An amplitude variation can be used to specify the value of the pressure. In a steady-state analysis you can specify both the in-phase (real) part of the pressure (default) and the out-of-phase (imaginary) part of the pressure.
| Input File Usage: | Use either of the following options to define the real (in-phase) part of the boundary condition:*BOUNDARY*BOUNDARY, REALUse the following option to define the imaginary (out-of-phase) part of the boundary condition:*BOUNDARY, IMAGINARY |
| Abaqus/CAE Usage: | Load module: Create Boundary Condition: choose Other for the Category and Acoustic pressure for the Types for Selected Step:select regions: Magnitude: real (in-phase) part + imaginary (out-of-phase) part i |
Boundary with a structure
If the acoustic medium is adjacent to a structure, there will be a transfer of momentum and energy between the media at the boundary. The pressure field modeled with acoustic elements creates a normal surface traction on the structure, and the acceleration field modeled with structural elements creates the natural forcing term at the fluid boundary (for details, see “Coupled acoustic-structural medium analysis,” Section 2.9.1 of the Abaqus Theory Guide).
The surface-based coupling procedure and the user-defined acoustic interface elements differ slightly in their theoretical implementation. In essence, the interface elements computed internally by the surface-based procedure are discrete point elements computed at the nodes of the slave surface. A user-defined acoustic interface element, on the other hand, distributes coupling effects across all of its nodes. Generally, the results obtained using the two coupling methods will be very similar, but the difference in discretization at the coupling boundary may create small differences in results.

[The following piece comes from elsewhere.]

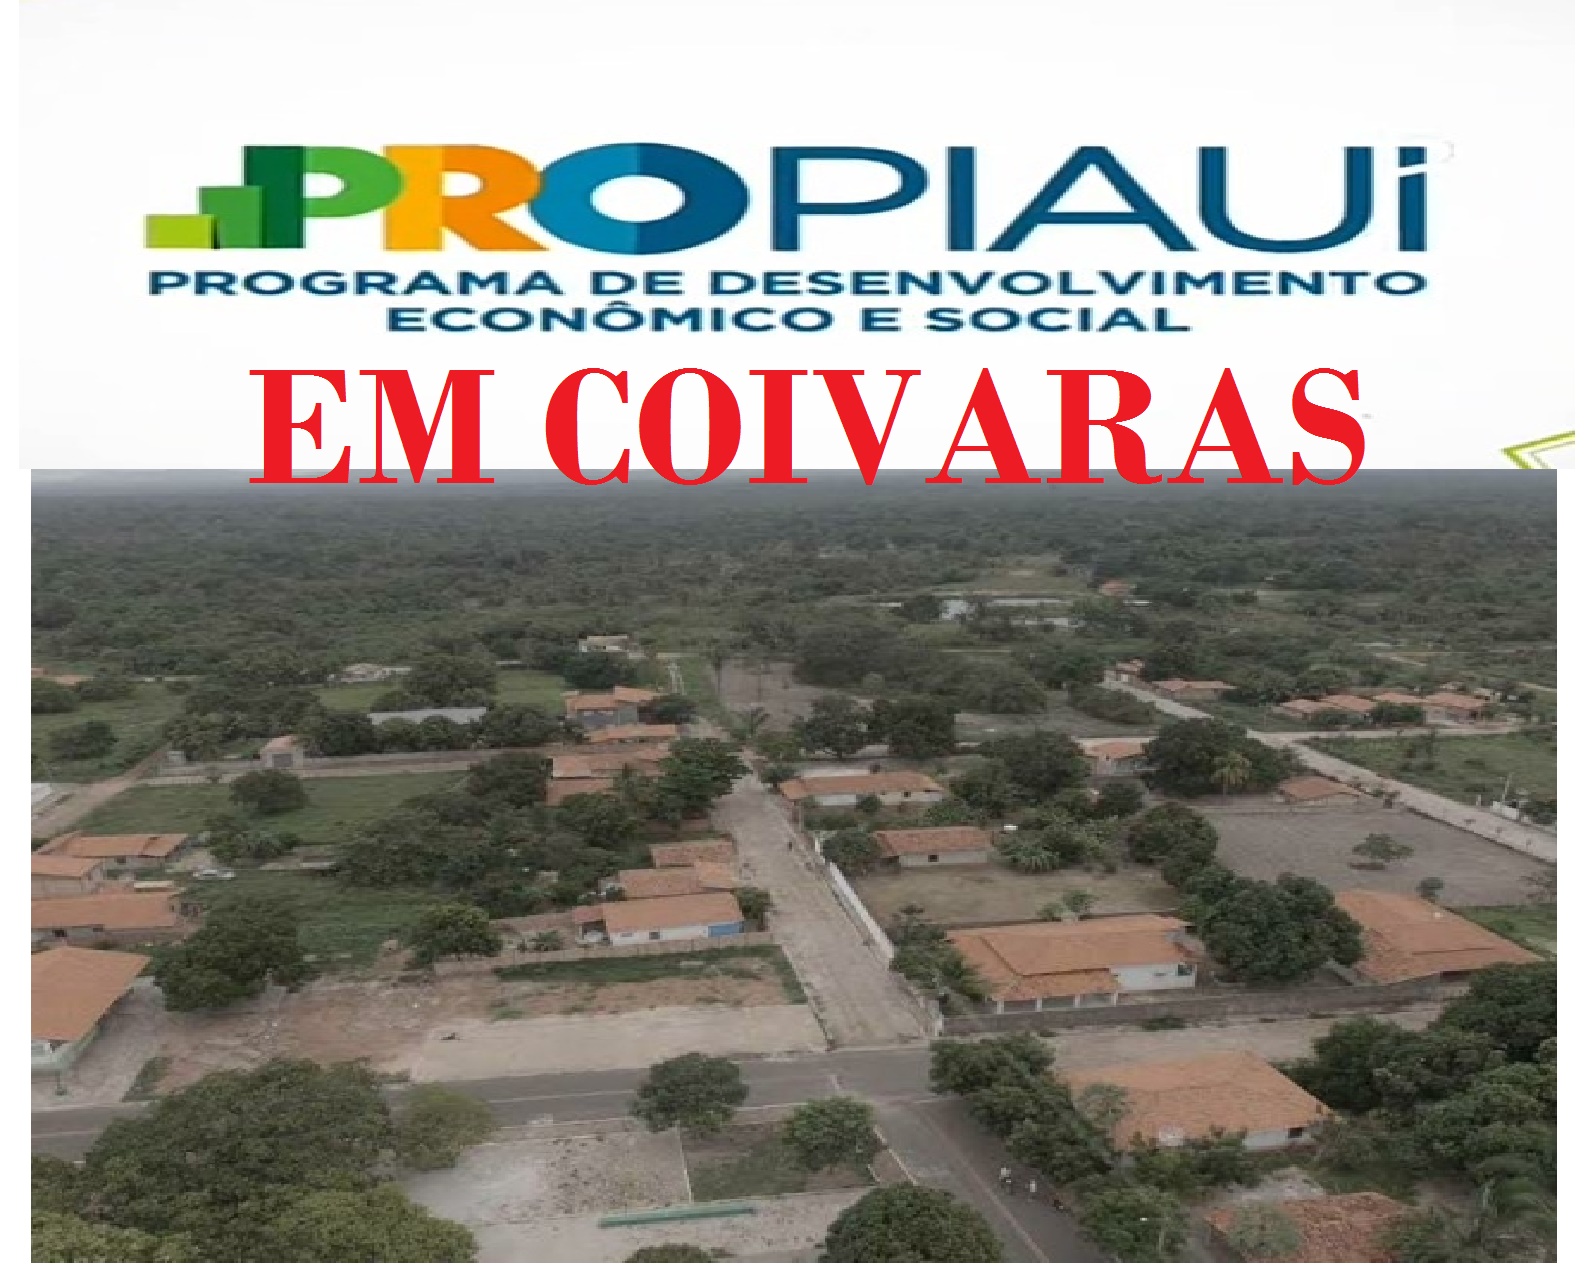 Pro Piauí em Coivaras: inauguração de obras e anunciará mais investimentos  - Imagem 1

Defining acoustic-structural coupling with user-defined acoustic interface elements
In Abaqus/Standard, if the structural and acoustic meshes share nodes at the boundary, lining this boundary with acoustic-structural interface elements (see “Acoustic interface element library,” Section 32.13.2) will enforce the required physical coupling condition. The interface element normals must point into the acoustic medium, which forces continuity of the normal accelerations of the acoustic medium and of the structure at the boundary and ensures that the pressure of the acoustic elements is applied to the structure. Displacements can also be prescribed at such a boundary.
Defining acoustic-structural coupling using a surface-based coupling procedure
Alternatively, a surface-based procedure can be used to enforce the coupling; in Abaqus/Explicit the surface-based procedure is the only available method. This method requires that the structural and acoustic meshes use separate nodes. You define surfaces on the structural and fluid meshes and define
the interaction between the two meshes using a surface-based tie constraint (see “Mesh tie constraints,” Section 35.3.1). No additional element definitions are required.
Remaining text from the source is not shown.